:: HOW TO COMPLETE THIS TASK ::
Going through the entries below, tally the lines that hold the word "Pendant" and state the result alone.

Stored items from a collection
= Beginning of Section =

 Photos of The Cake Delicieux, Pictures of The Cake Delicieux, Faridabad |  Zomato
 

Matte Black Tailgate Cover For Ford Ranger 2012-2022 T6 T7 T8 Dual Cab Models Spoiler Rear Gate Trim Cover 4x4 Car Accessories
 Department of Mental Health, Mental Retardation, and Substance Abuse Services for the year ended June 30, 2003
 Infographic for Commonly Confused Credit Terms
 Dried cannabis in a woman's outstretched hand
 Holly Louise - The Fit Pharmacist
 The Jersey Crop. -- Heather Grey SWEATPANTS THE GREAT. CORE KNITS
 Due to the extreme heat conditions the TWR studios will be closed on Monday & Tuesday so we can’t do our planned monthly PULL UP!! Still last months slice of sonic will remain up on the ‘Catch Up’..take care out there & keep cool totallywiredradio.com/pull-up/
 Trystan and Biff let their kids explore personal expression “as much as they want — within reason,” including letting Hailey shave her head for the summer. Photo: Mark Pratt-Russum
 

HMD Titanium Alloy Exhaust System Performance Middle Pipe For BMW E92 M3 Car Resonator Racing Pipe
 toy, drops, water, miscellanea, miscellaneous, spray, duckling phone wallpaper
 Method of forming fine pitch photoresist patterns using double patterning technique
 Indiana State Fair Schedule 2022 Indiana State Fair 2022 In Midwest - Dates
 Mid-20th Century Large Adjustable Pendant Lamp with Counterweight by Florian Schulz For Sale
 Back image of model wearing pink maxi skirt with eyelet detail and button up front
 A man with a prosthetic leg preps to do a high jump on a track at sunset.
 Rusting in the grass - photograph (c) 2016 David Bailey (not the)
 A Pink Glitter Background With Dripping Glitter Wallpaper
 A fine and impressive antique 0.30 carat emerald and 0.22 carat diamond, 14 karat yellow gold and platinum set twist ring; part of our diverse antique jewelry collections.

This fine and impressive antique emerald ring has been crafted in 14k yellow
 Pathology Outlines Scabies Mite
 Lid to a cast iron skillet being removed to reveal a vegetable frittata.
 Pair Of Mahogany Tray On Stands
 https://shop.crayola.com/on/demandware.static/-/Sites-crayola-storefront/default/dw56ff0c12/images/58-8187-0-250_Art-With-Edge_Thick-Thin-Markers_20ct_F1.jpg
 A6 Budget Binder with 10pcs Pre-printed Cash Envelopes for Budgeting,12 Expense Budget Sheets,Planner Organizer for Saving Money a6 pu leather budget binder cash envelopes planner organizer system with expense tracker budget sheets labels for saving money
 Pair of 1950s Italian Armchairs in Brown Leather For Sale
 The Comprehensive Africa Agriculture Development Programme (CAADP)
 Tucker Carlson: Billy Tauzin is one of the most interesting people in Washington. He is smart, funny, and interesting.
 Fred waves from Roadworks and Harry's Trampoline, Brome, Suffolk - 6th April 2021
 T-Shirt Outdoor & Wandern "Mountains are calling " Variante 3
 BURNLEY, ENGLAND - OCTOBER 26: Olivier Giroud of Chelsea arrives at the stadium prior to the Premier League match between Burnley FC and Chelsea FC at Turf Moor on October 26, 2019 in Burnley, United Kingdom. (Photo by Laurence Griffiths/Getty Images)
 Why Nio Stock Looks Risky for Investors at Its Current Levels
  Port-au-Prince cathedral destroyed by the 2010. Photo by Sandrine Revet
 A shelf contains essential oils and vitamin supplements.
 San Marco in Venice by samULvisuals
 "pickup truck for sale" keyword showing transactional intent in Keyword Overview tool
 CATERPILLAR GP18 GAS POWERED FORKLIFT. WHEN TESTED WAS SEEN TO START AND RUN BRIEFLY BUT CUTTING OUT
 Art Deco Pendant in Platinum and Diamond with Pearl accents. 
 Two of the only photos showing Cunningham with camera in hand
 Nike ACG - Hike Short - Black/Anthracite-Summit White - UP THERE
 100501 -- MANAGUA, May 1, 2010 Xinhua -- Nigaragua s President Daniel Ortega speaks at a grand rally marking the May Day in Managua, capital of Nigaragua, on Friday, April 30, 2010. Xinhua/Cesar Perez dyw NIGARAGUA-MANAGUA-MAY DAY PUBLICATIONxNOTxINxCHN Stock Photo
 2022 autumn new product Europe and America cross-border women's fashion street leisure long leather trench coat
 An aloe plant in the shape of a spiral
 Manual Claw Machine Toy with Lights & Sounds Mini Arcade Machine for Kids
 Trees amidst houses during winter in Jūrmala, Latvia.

= End of Section =

:: TASK ANSWER ::
2